- Task item -
Starting at the line holding "XENON LED Wandleuchte" and finishing at the line holding "P3S Rattan Lounge", transcribe the material exactly, keeping both ends but no pictures.

- Source material -
* * *

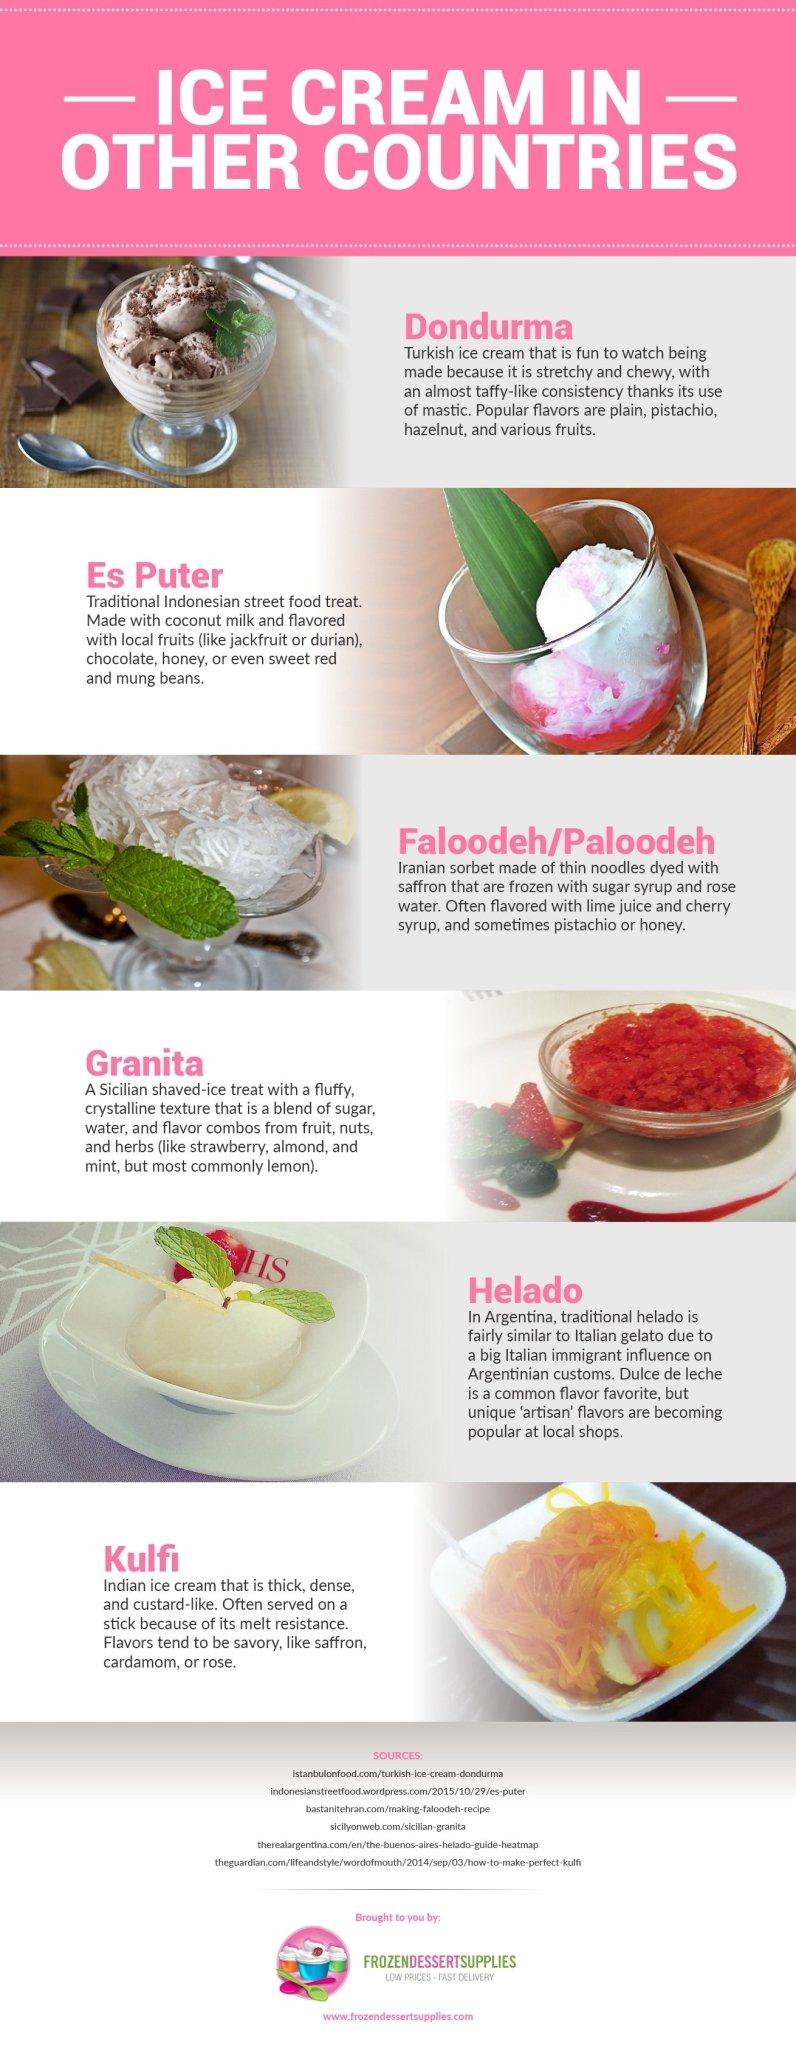 Ice Cream Around the World - Frozen Dessert Supplies
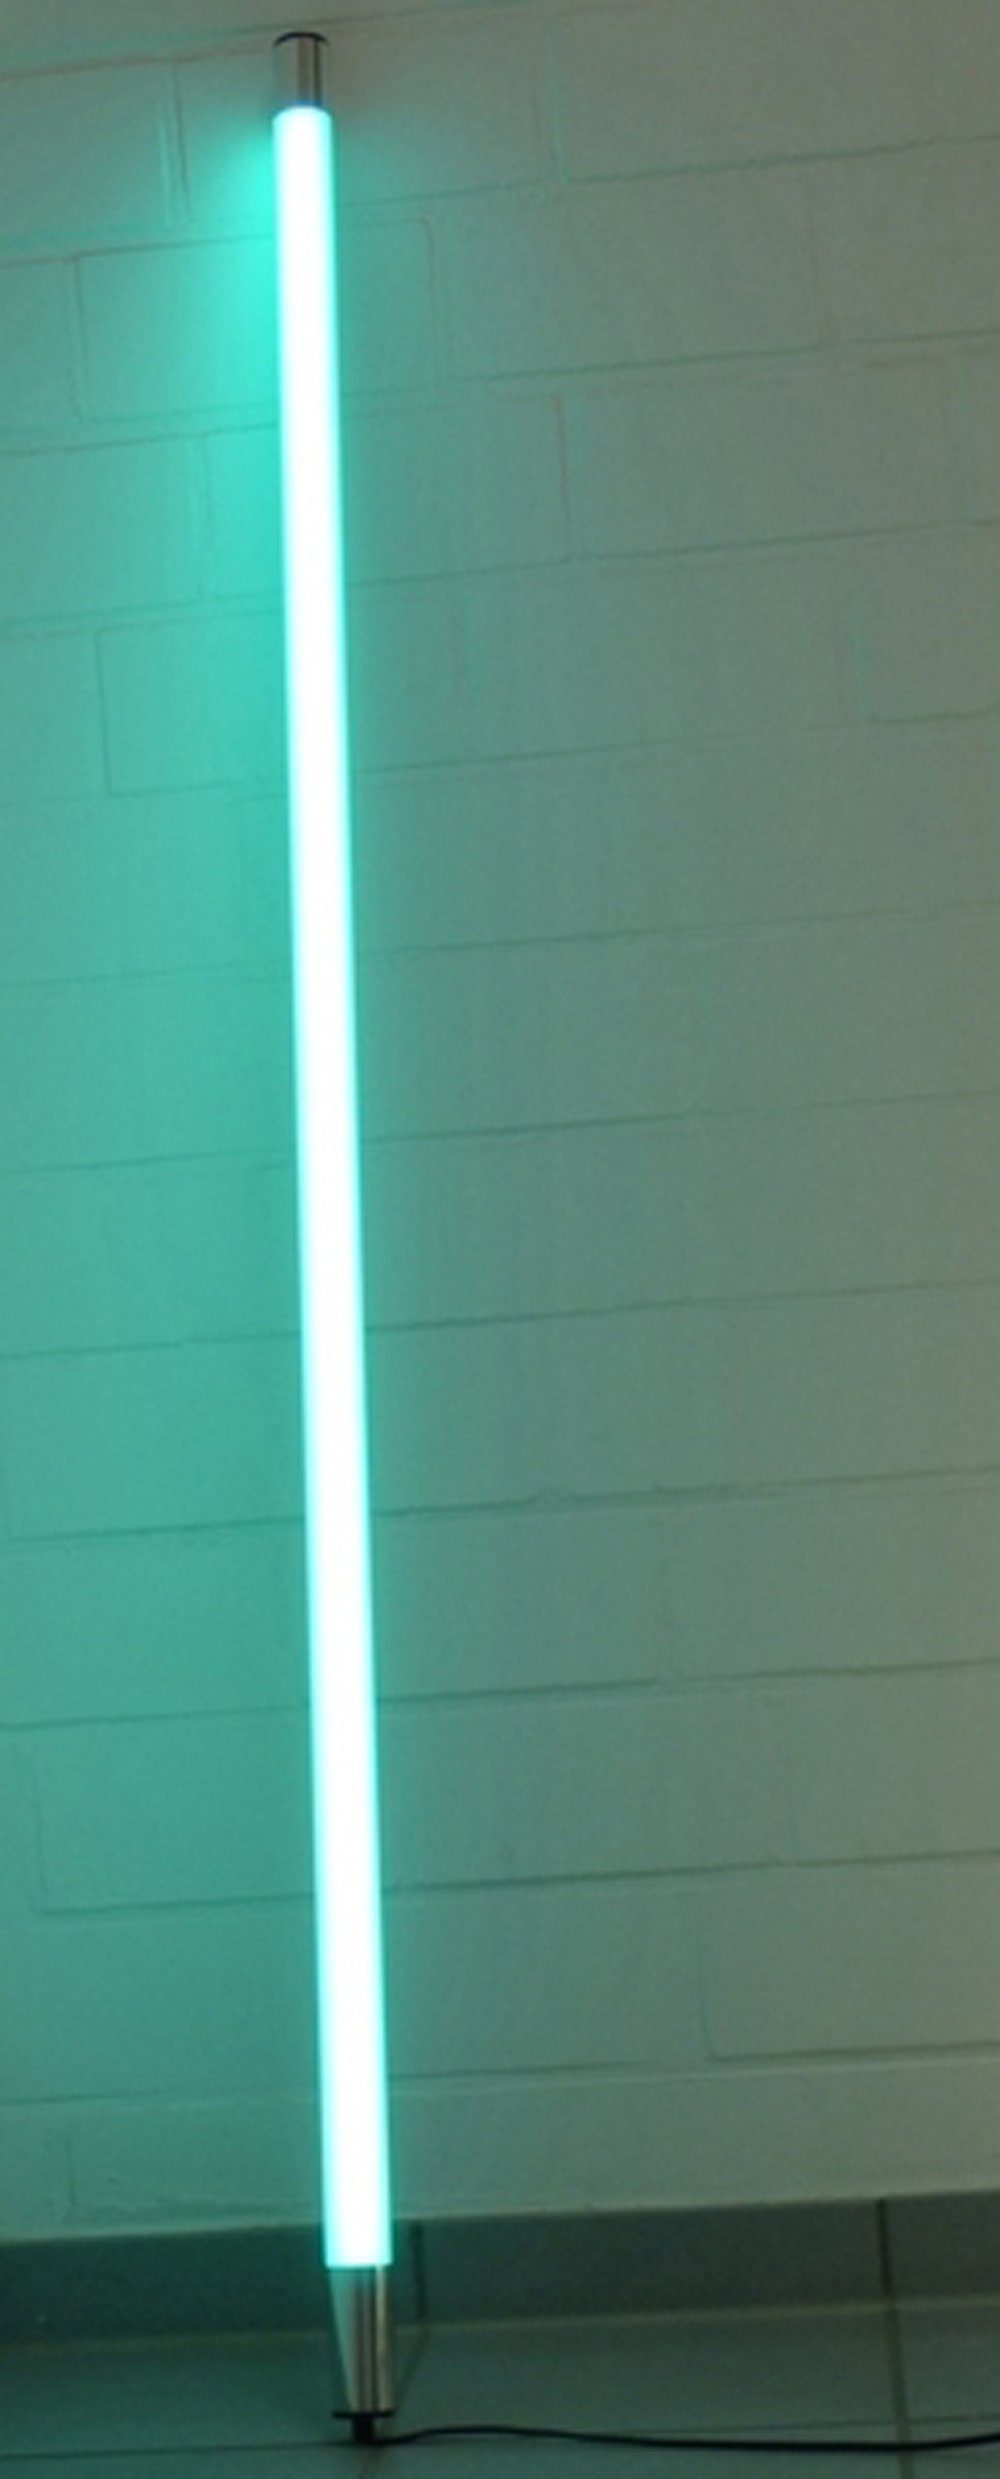 XENON LED Wandleuchte 6861 LED Leuchtstab Satiniert 0,63m Länge 950 Lumen IP20 Innen Türkis, LED Röhre T8, Xenon
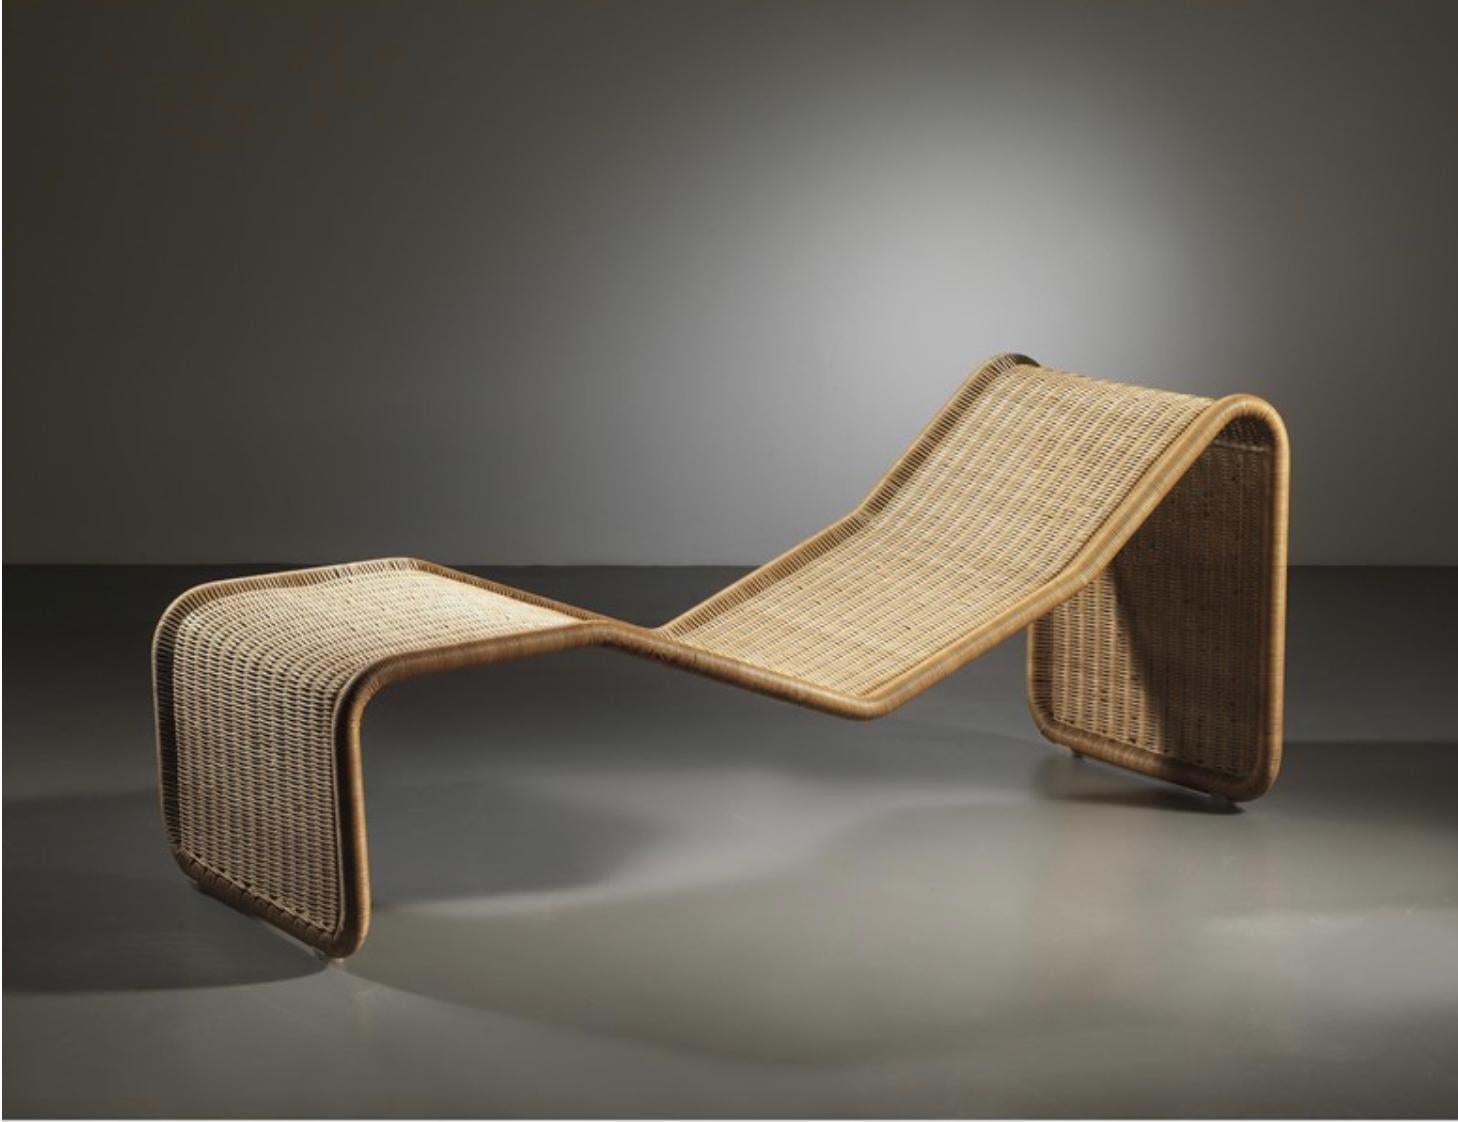 P3S Rattan Lounge Chair von Tito Agnoli für Bonacina, Italien  1960s

Eine authentische Ikone des italienischen Mid-Century-Designs, eine elegante und raffinierte Chaiselongue, die sich leicht an verschiedene Wohnumgebungen anpassen

* * *

- Result -
 XENON LED Wandleuchte 6861 LED Leuchtstab Satiniert 0,63m Länge 950 Lumen IP20 Innen Türkis, LED Röhre T8, Xenon
 P3S Rattan Lounge Chair von Tito Agnoli für Bonacina, Italien  1960s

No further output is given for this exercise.